Olga Tokarczuk Recommends Visionary Science Fiction
Briefly

Olga Tokarczuk Recommends Visionary Science Fiction
"I was quite sure that by the time I grew up we'd be flying to Mars and the moon without a second thought. I was going to work in space medicine or as a physicist. At first I read books for young people, but Stanisław Lem was my true initiation into the genre. My favorite of his books are "The Star Diaries," about a lone space traveller and scientist named Ijon Tichy, and " The Cyberiad," a set of stories about robots and intelligent machines."
"Lem was way ahead of his time, especially on the topic of machine intelligence. He had a superb sense of humor and a unique genius for discovering all sorts of paradoxes; his writing challenges the imagination, posing the sorts of questions that are the subjects of philosophical studies. In the story "The Seventh Journey," Ijon's spaceship falls into a time loop, resulting in a swarm of different Ijons from different parts of the same day."

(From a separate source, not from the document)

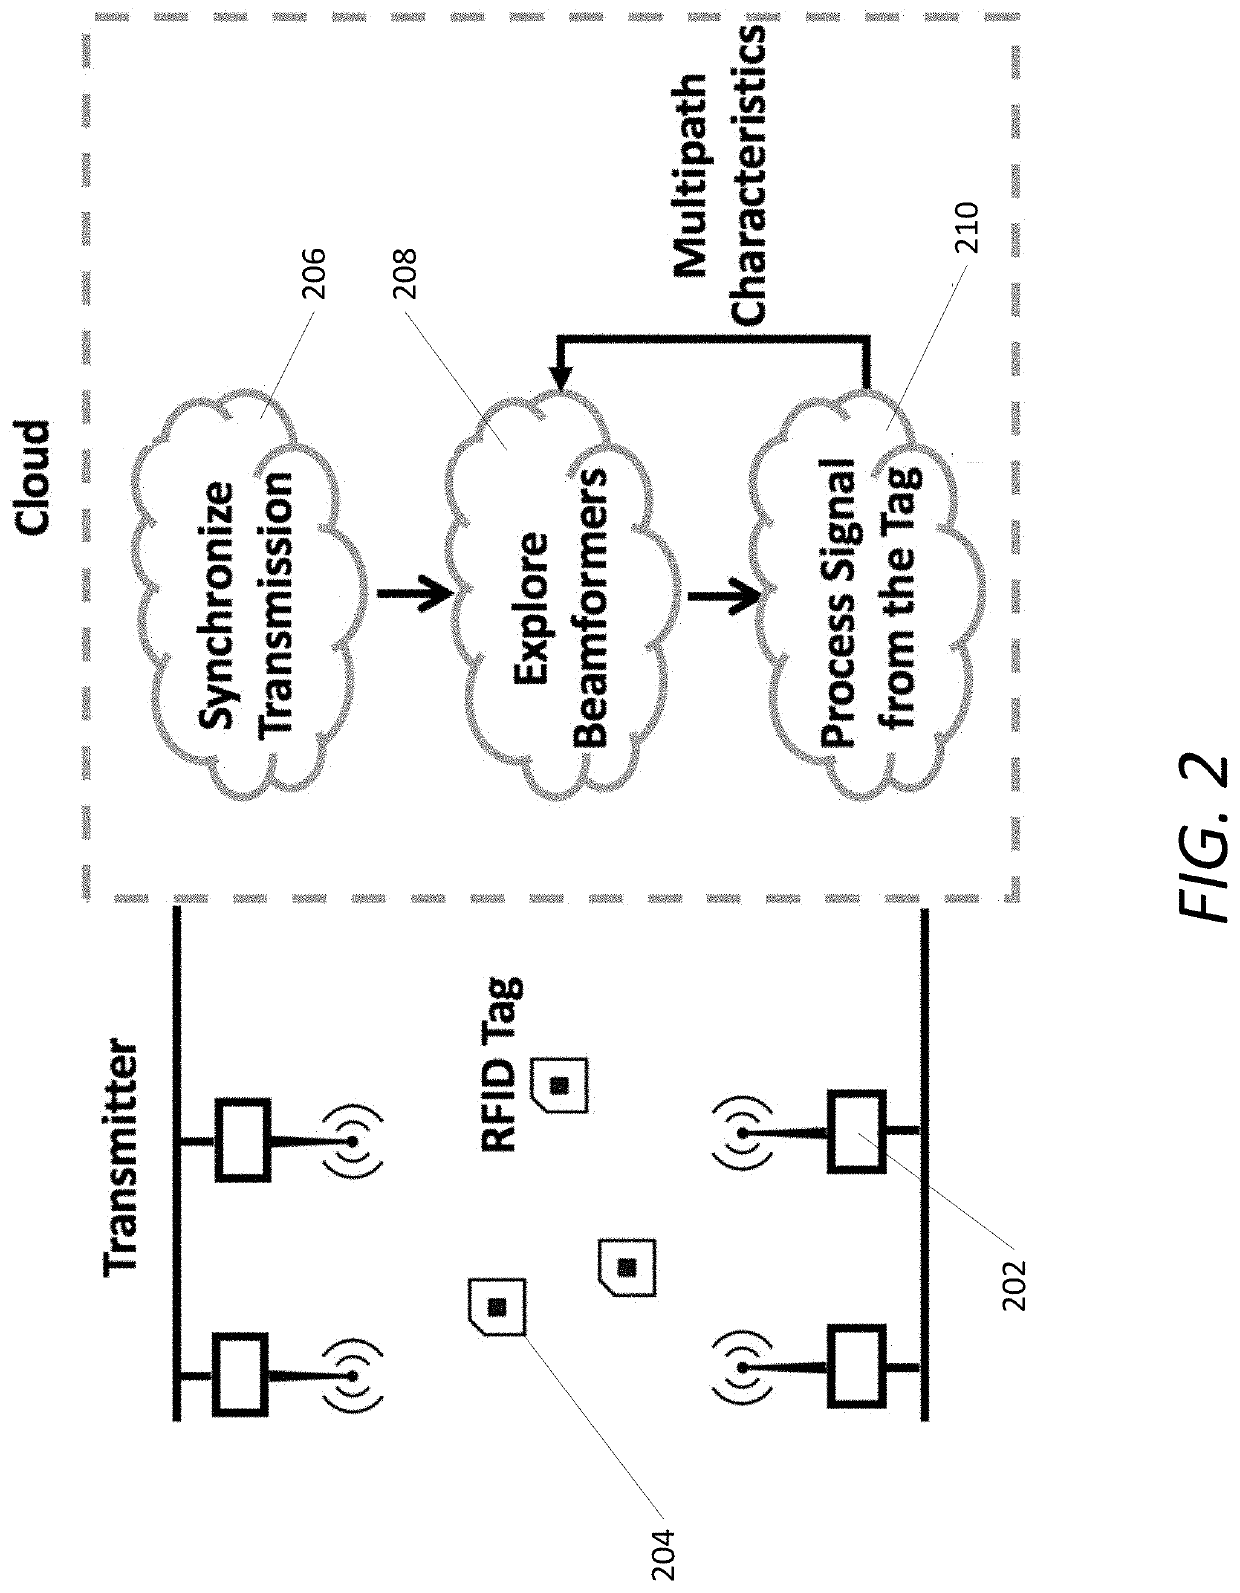 Method for extending the range of commercial passive RFID elements
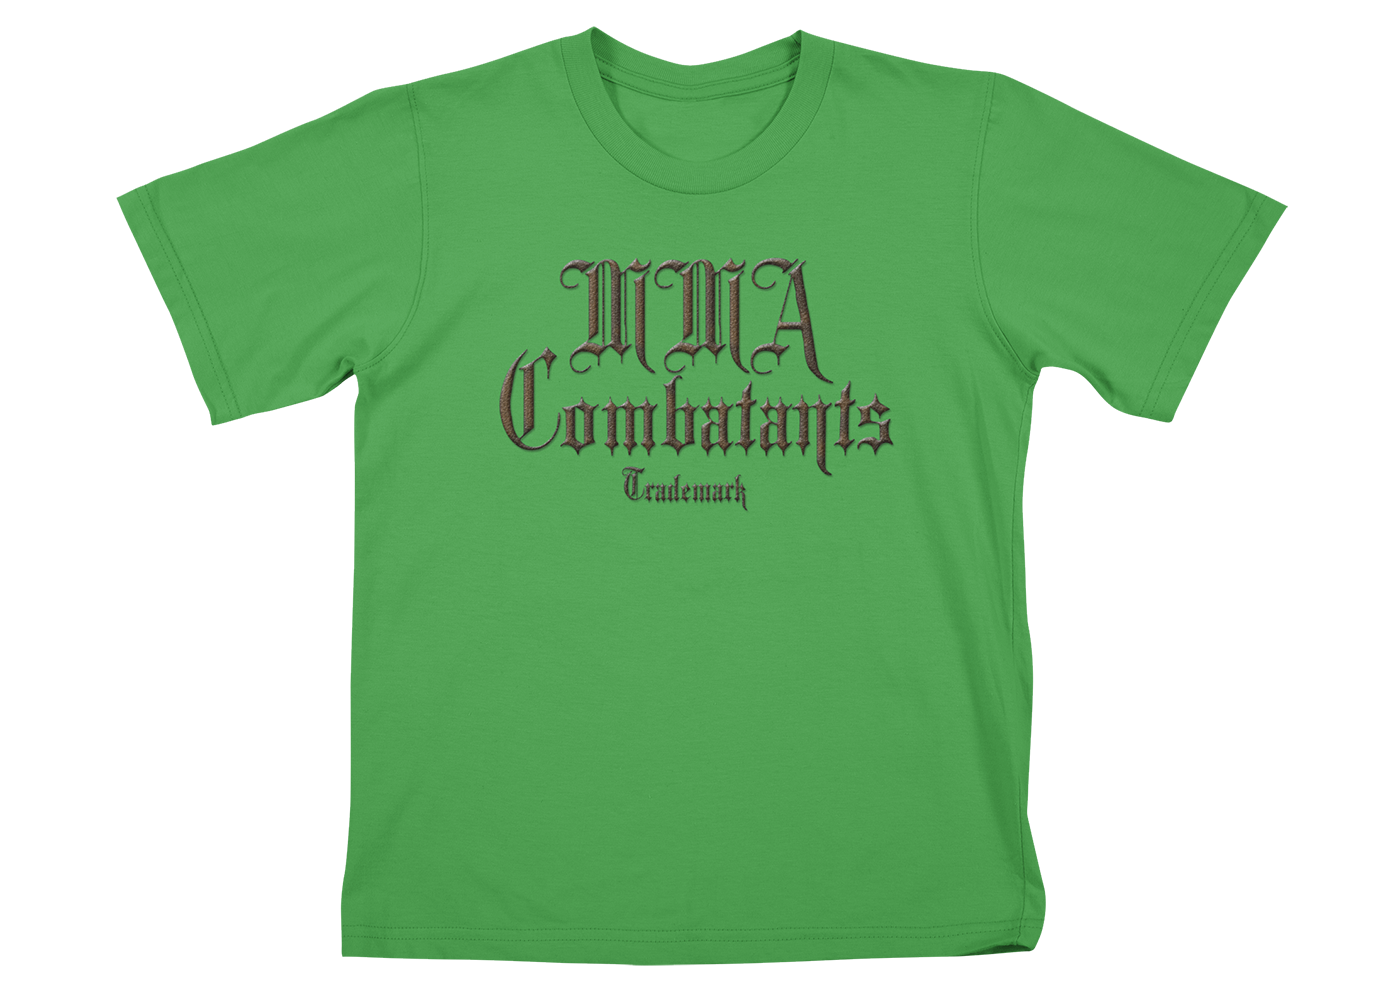 MMA Combatants - Trademark Logo on a Kid's Green T-Shirt

Fiction emphasizes the porosity of boundaries — between nations, ethnicities, fiction and reality, consciousness and dreams. Novels stage constant flux of national borders, especially in Eastern Europe, and combine supernatural and science-fictional elements. One novel portrays sleeping people whose internal worlds flare up and grow over reality like scar tissue. Several favored science-fiction writers blend the fantastical with the prosaic. Early engagement with science fiction fostered expectations of routine space travel and careers in space medicine or physics. Stanisław Lem's works, including The Star Diaries and The Cyberiad, display prescience about machine intelligence, sharp humor, paradoxes, and philosophical challenges to the imagination.